### Assignment
Copy out and return the lines from the one holding "London, UK. 13" to the end of the listing below, both included, omitting the pictures.

### Data below

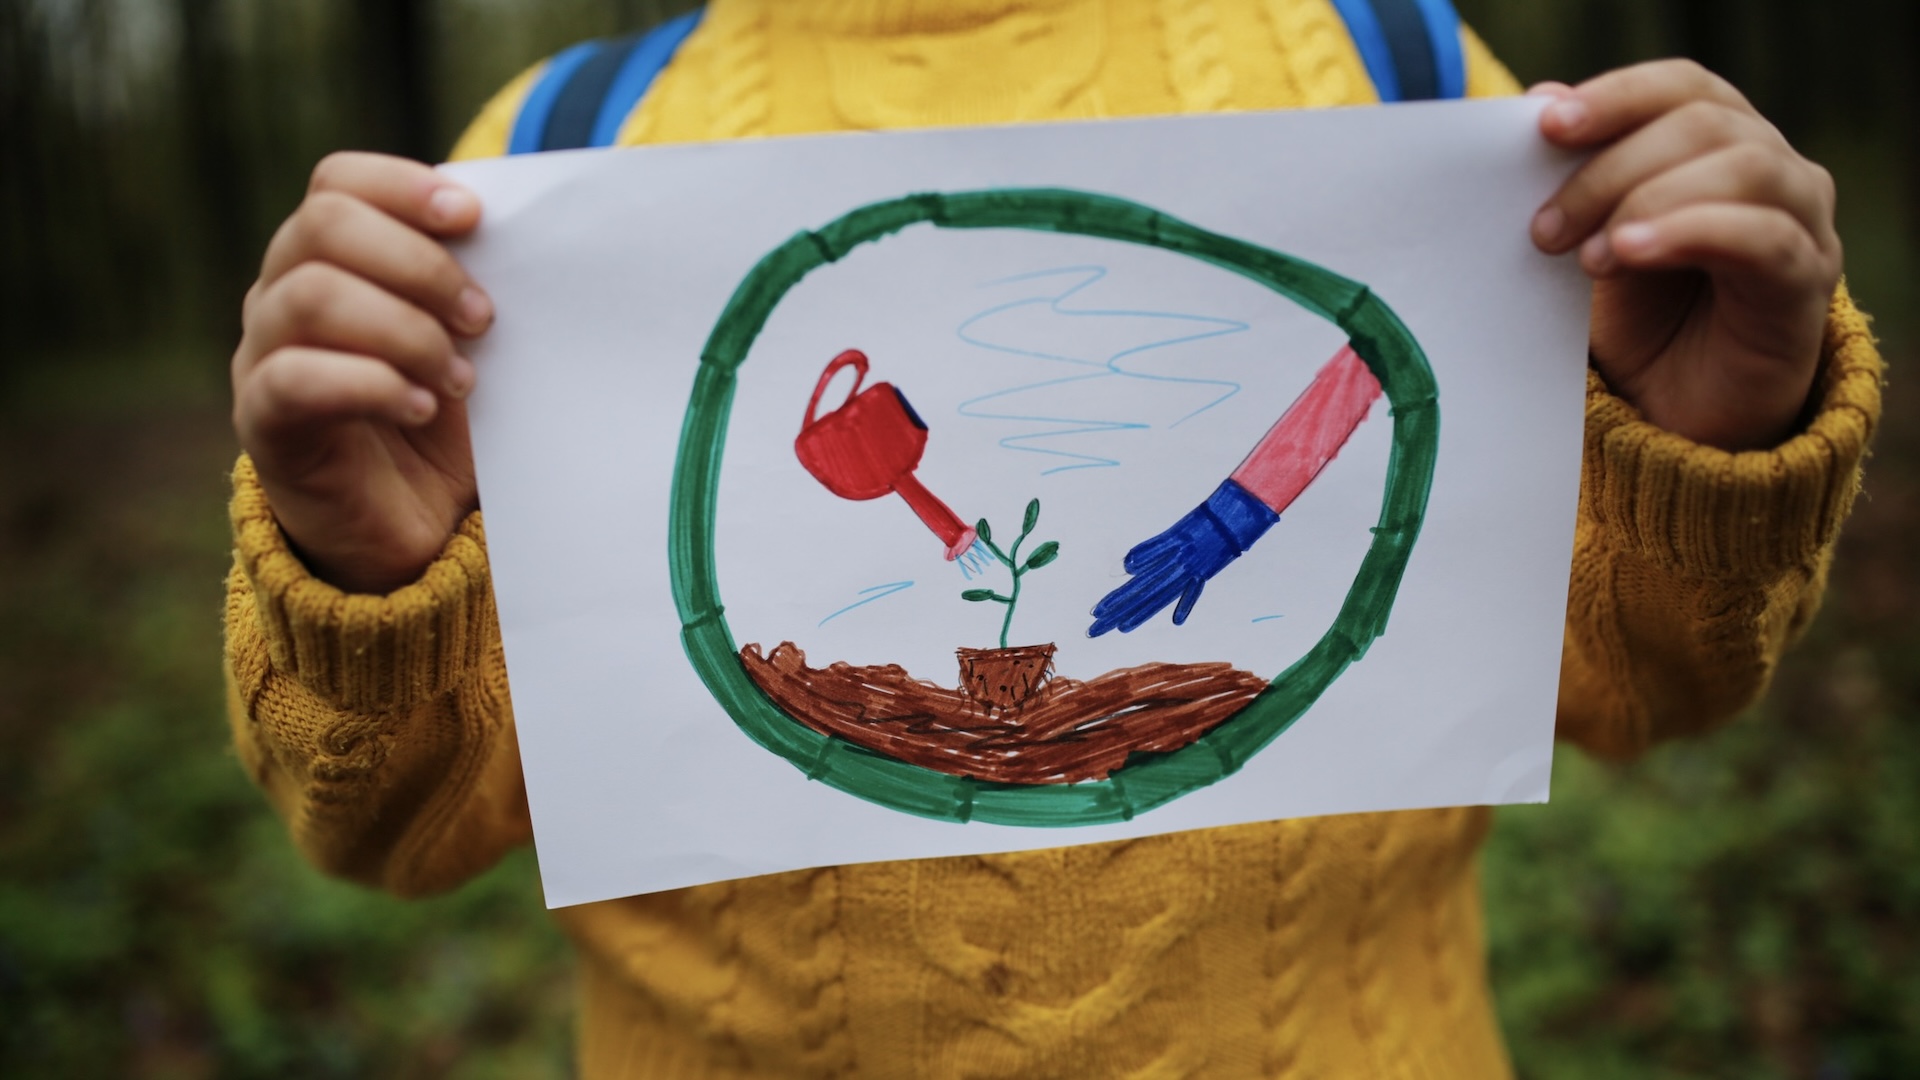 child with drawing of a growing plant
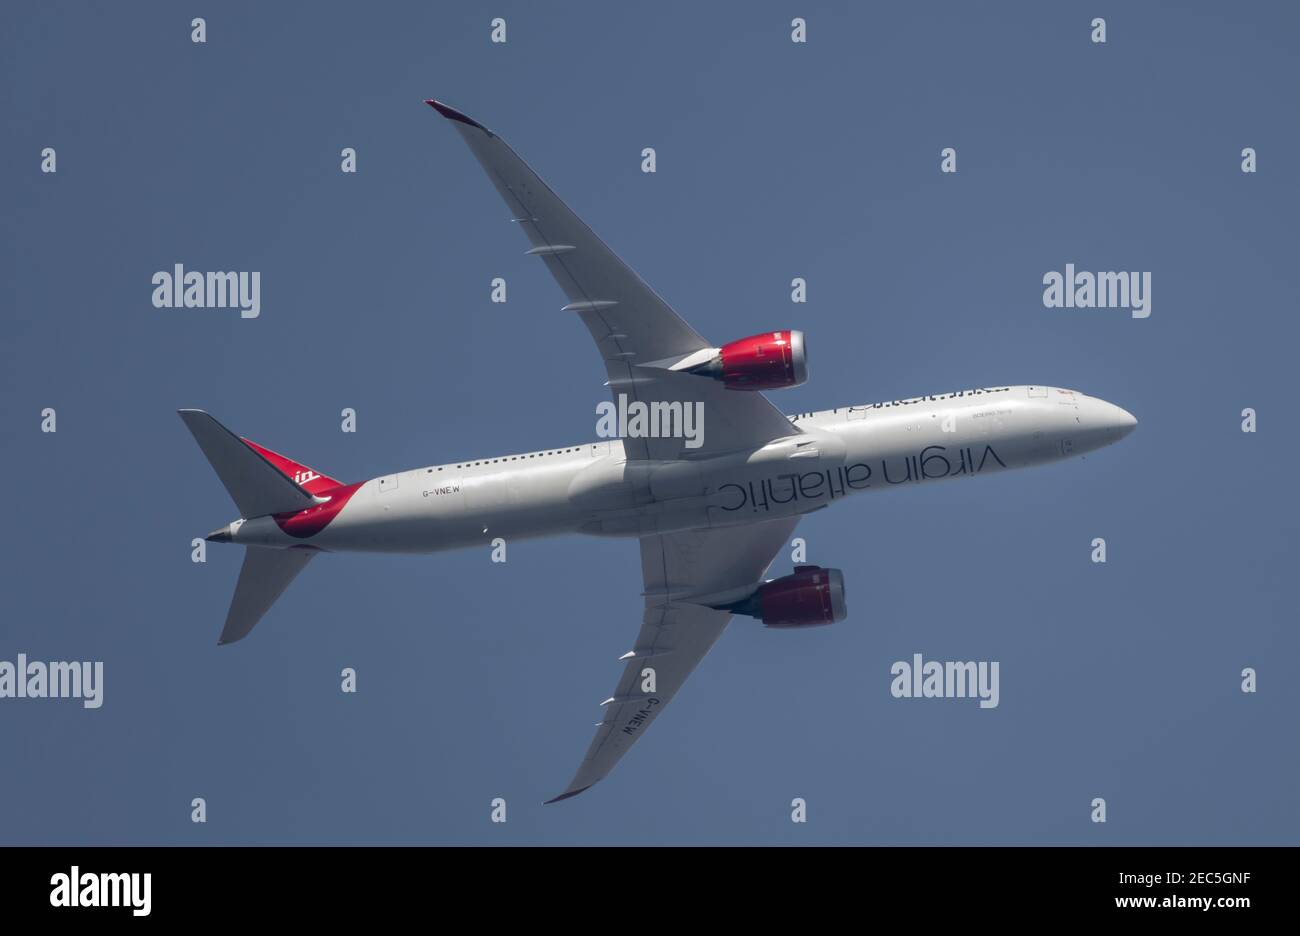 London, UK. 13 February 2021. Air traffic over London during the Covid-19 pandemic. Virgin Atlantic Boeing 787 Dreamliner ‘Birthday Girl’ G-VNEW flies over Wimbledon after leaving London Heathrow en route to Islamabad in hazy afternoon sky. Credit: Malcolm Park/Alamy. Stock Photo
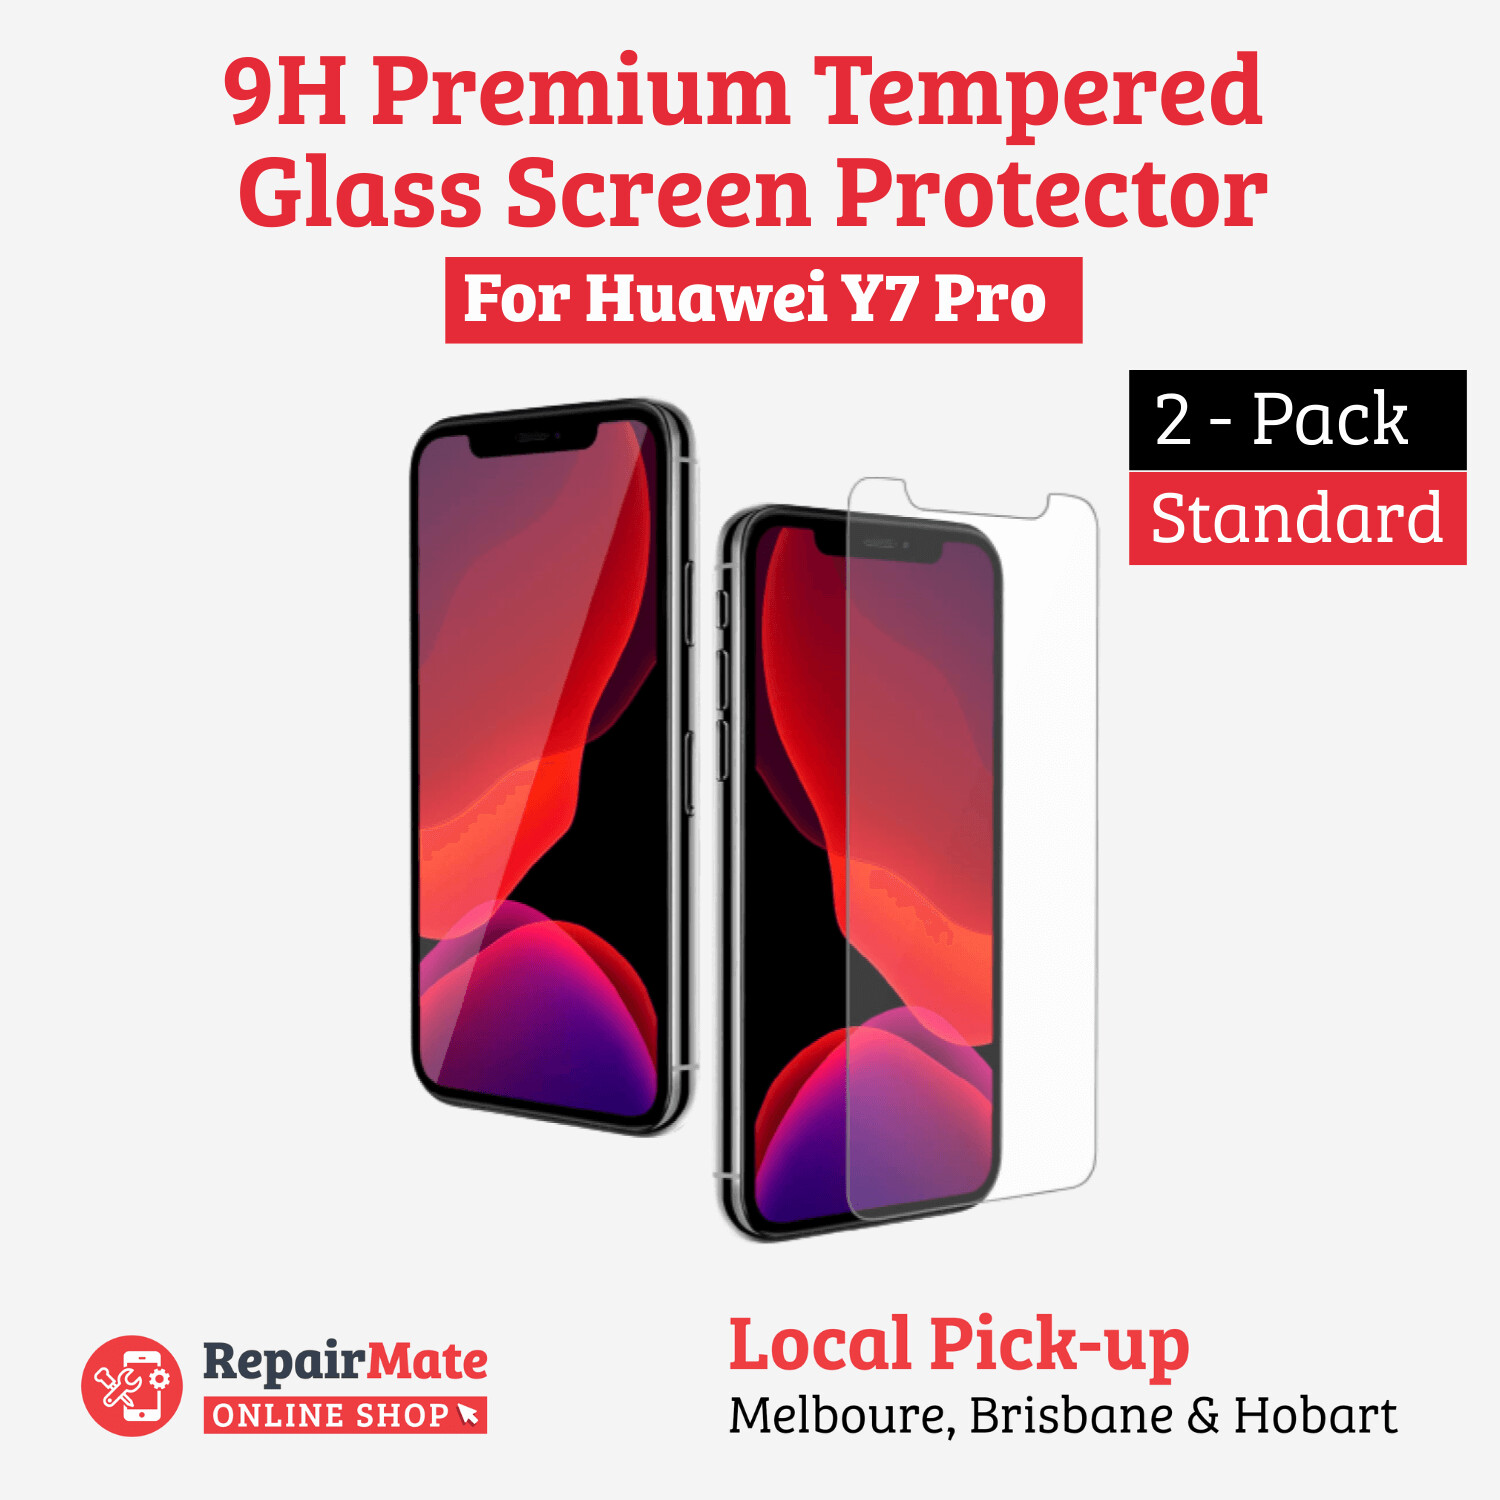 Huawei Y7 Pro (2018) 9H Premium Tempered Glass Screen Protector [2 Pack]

### The completed task
 London, UK. 13 February 2021. Air traffic over London during the Covid-19 pandemic. Virgin Atlantic Boeing 787 Dreamliner ‘Birthday Girl’ G-VNEW flies over Wimbledon after leaving London Heathrow en route to Islamabad in hazy afternoon sky. Credit: Malcolm Park/Alamy. Stock Photo
 Huawei Y7 Pro (2018) 9H Premium Tempered Glass Screen Protector [2 Pack]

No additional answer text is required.